• _Data section_:
--------------------------------------------------

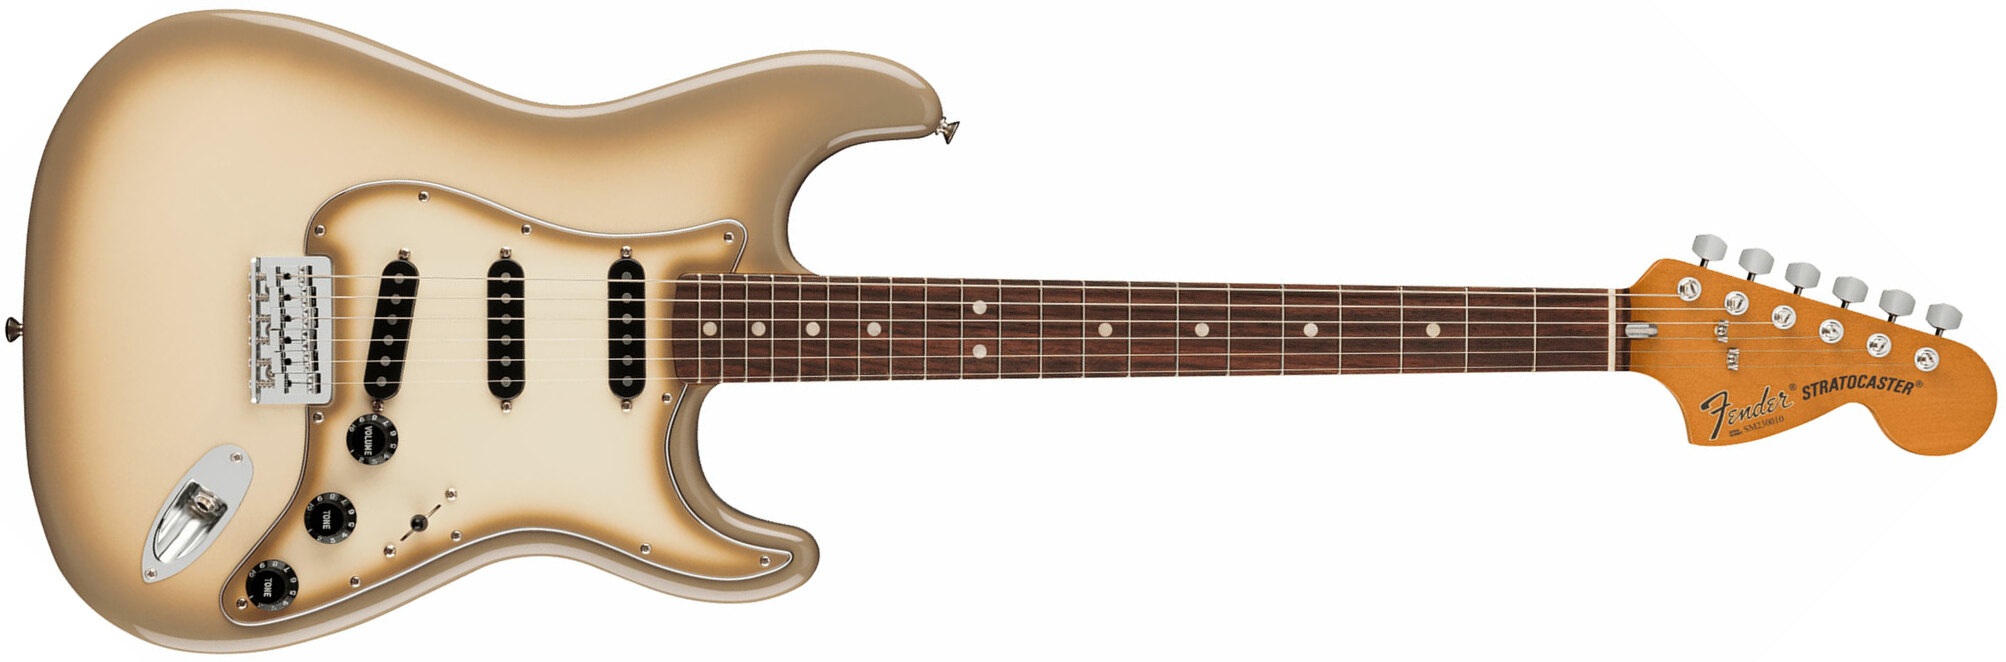 Fender Strat Antigua 70th Anniversary Vintera 2 Mex 3s Ht Rw - Antigua - Str shape electric guitar - Main picture
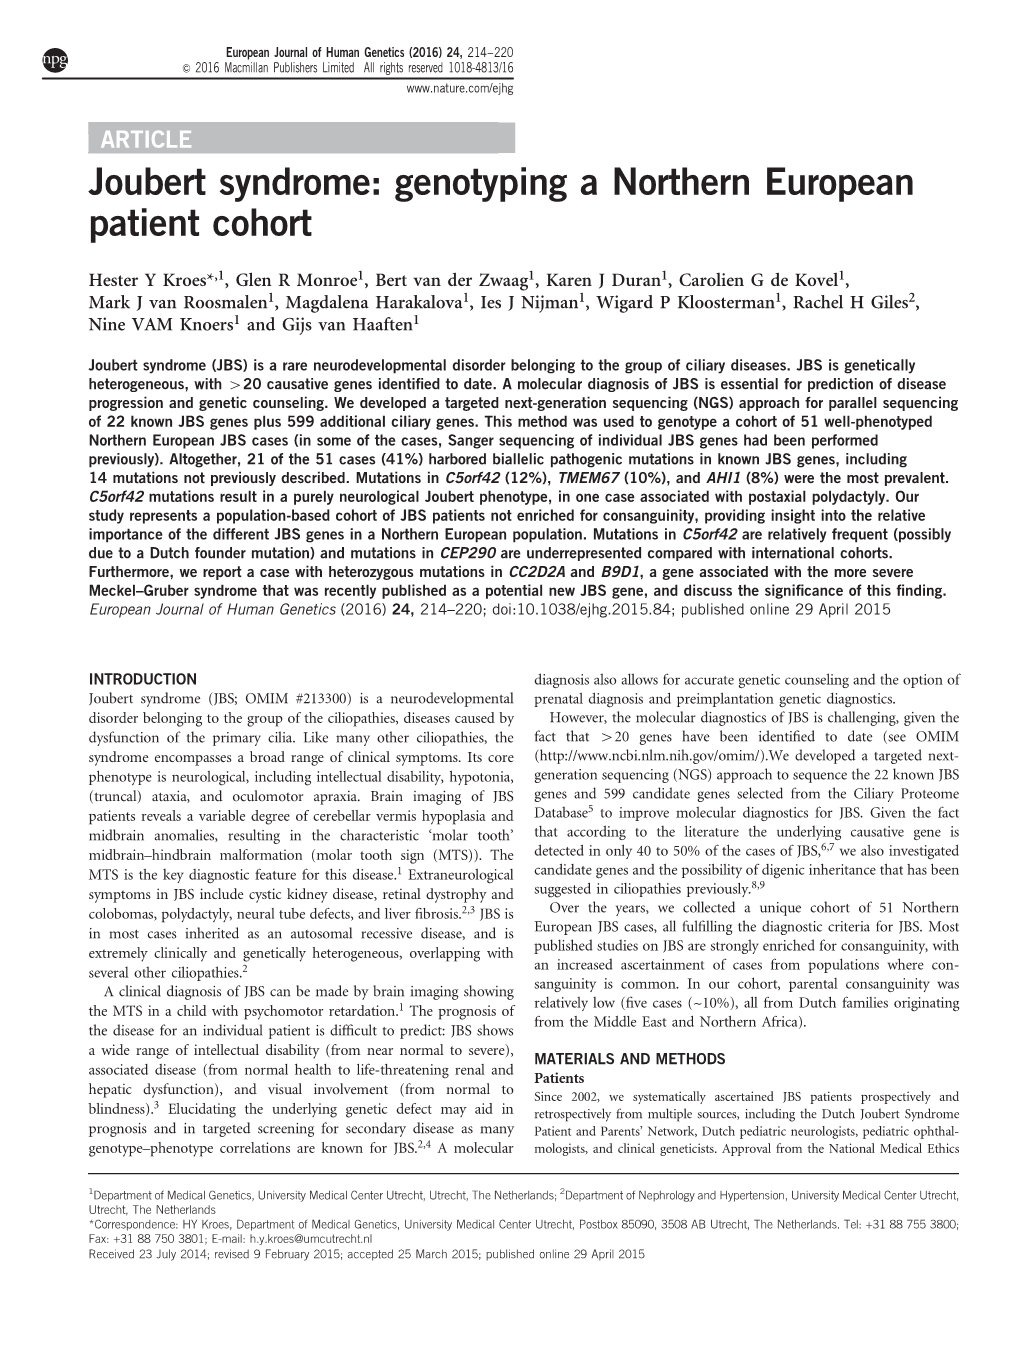 Joubert Syndrome: Genotyping a Northern European Patient Cohort
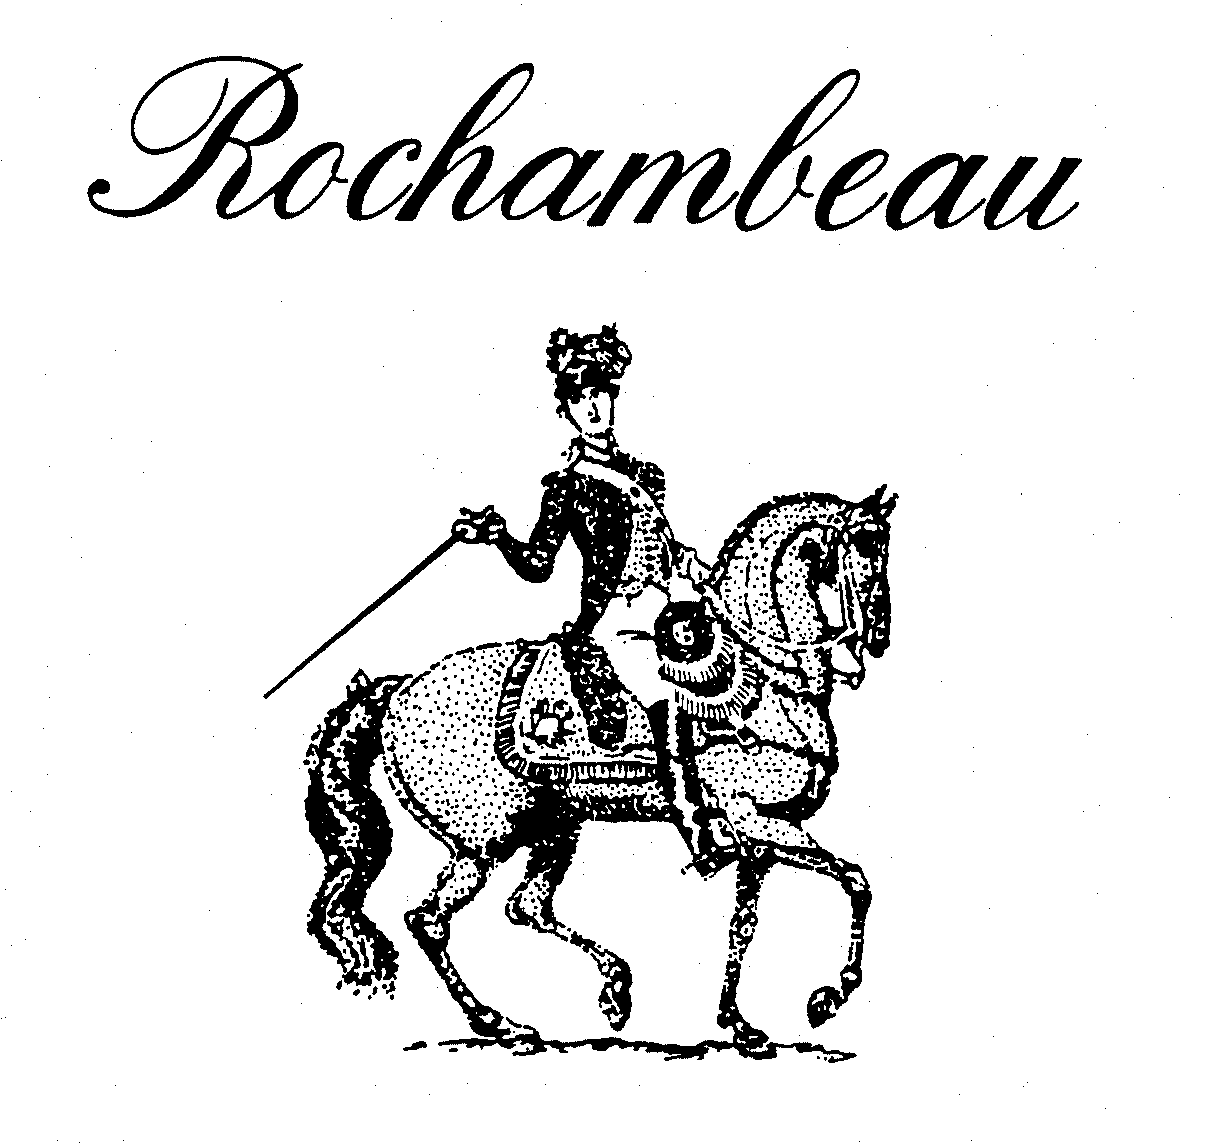 Trademark Logo ROCHAMBEAU
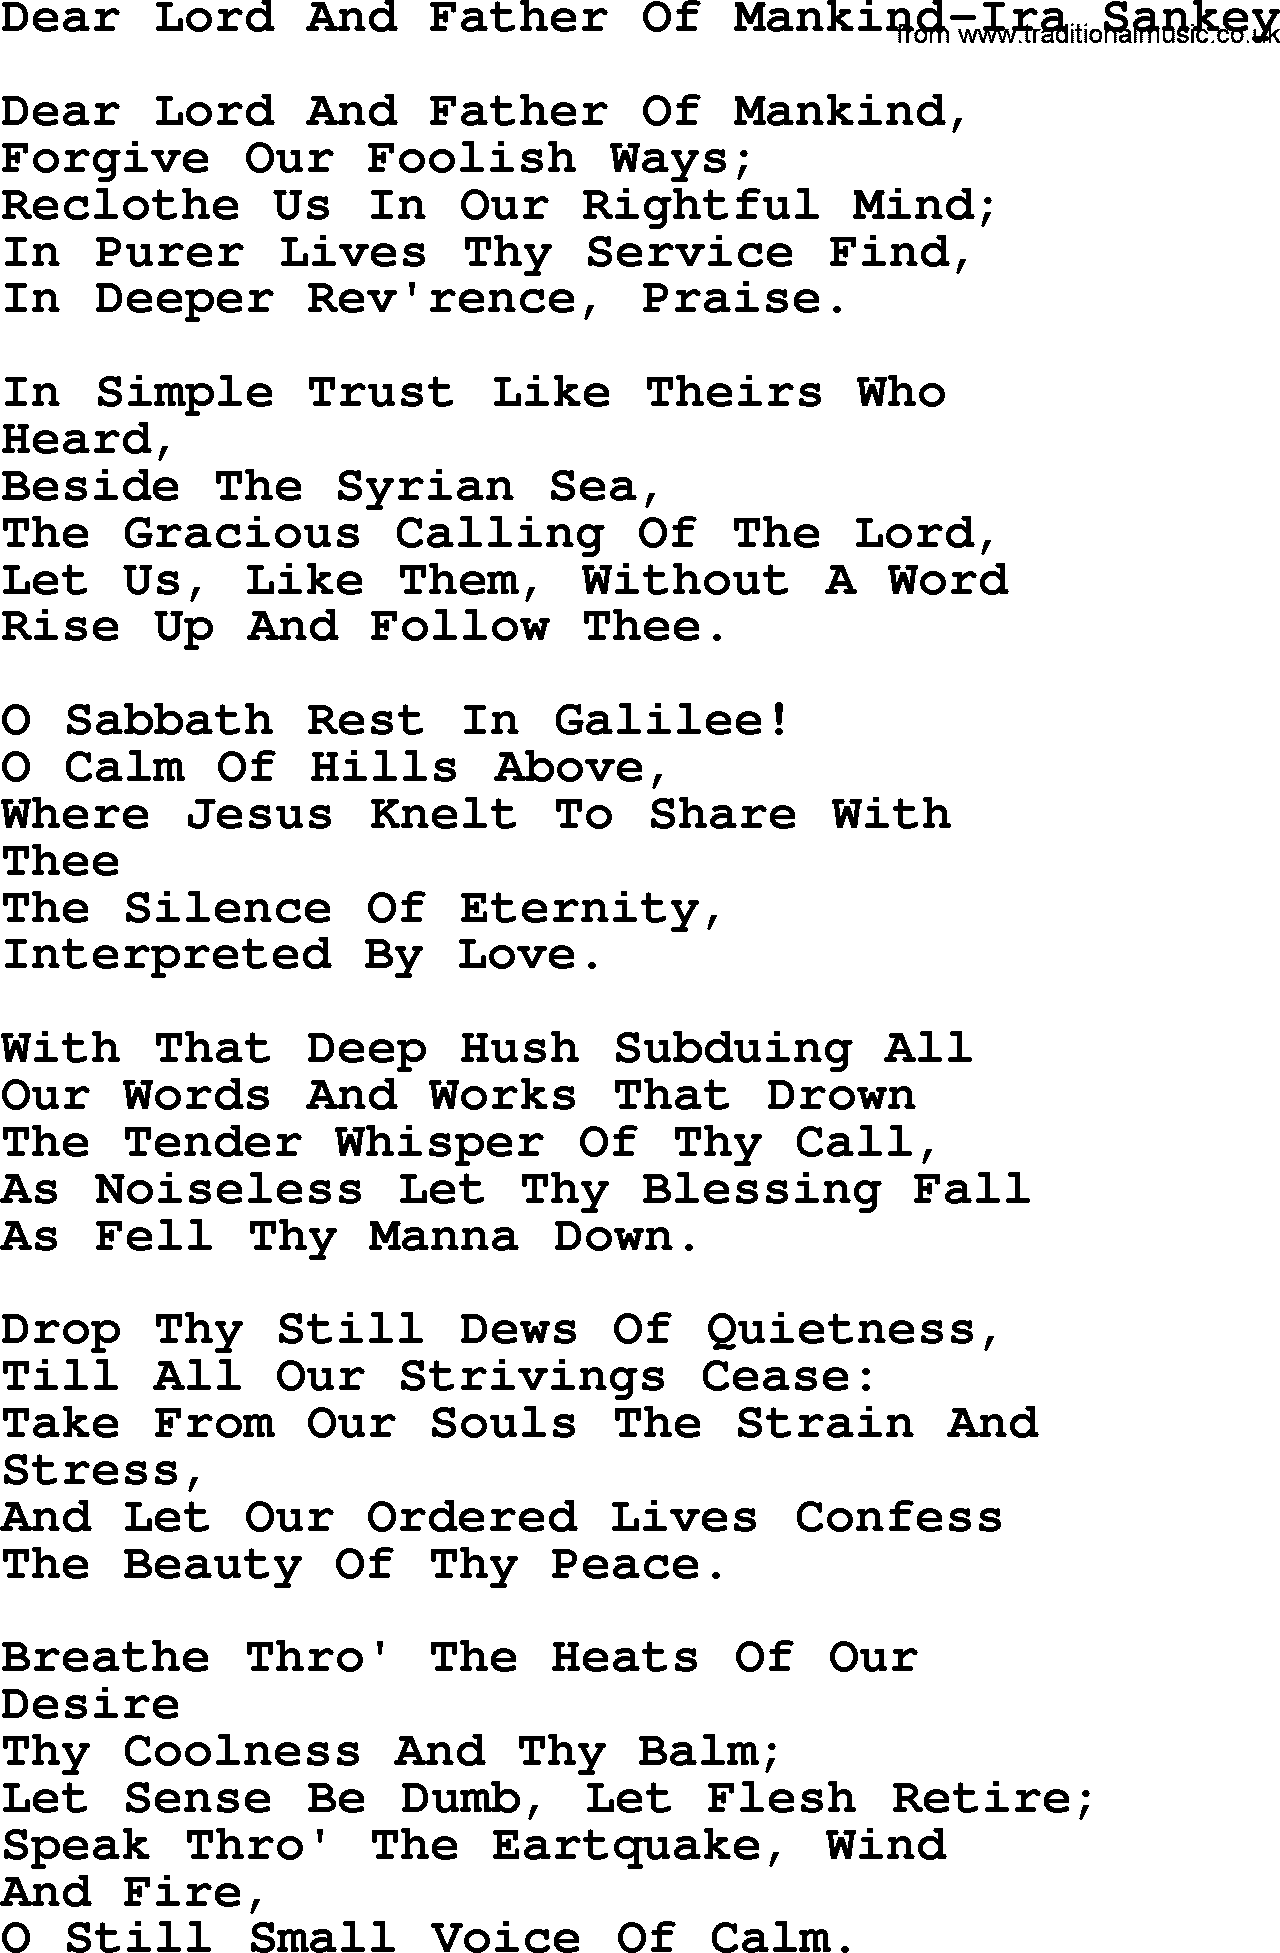 Ira Sankey hymn: Dear Lord And Father Of Mankind-Ira Sankey, lyrics

--------------------------------------------------

• _Requirement_:
Every line from the one holding "Trademark Logo ROCHAMBEAU" through the final line of the data above is to be reproduced exactly, both ends included, with the pictures left out.

• _Written answer_:
 Trademark Logo ROCHAMBEAU
 Ira Sankey hymn: Dear Lord And Father Of Mankind-Ira Sankey, lyrics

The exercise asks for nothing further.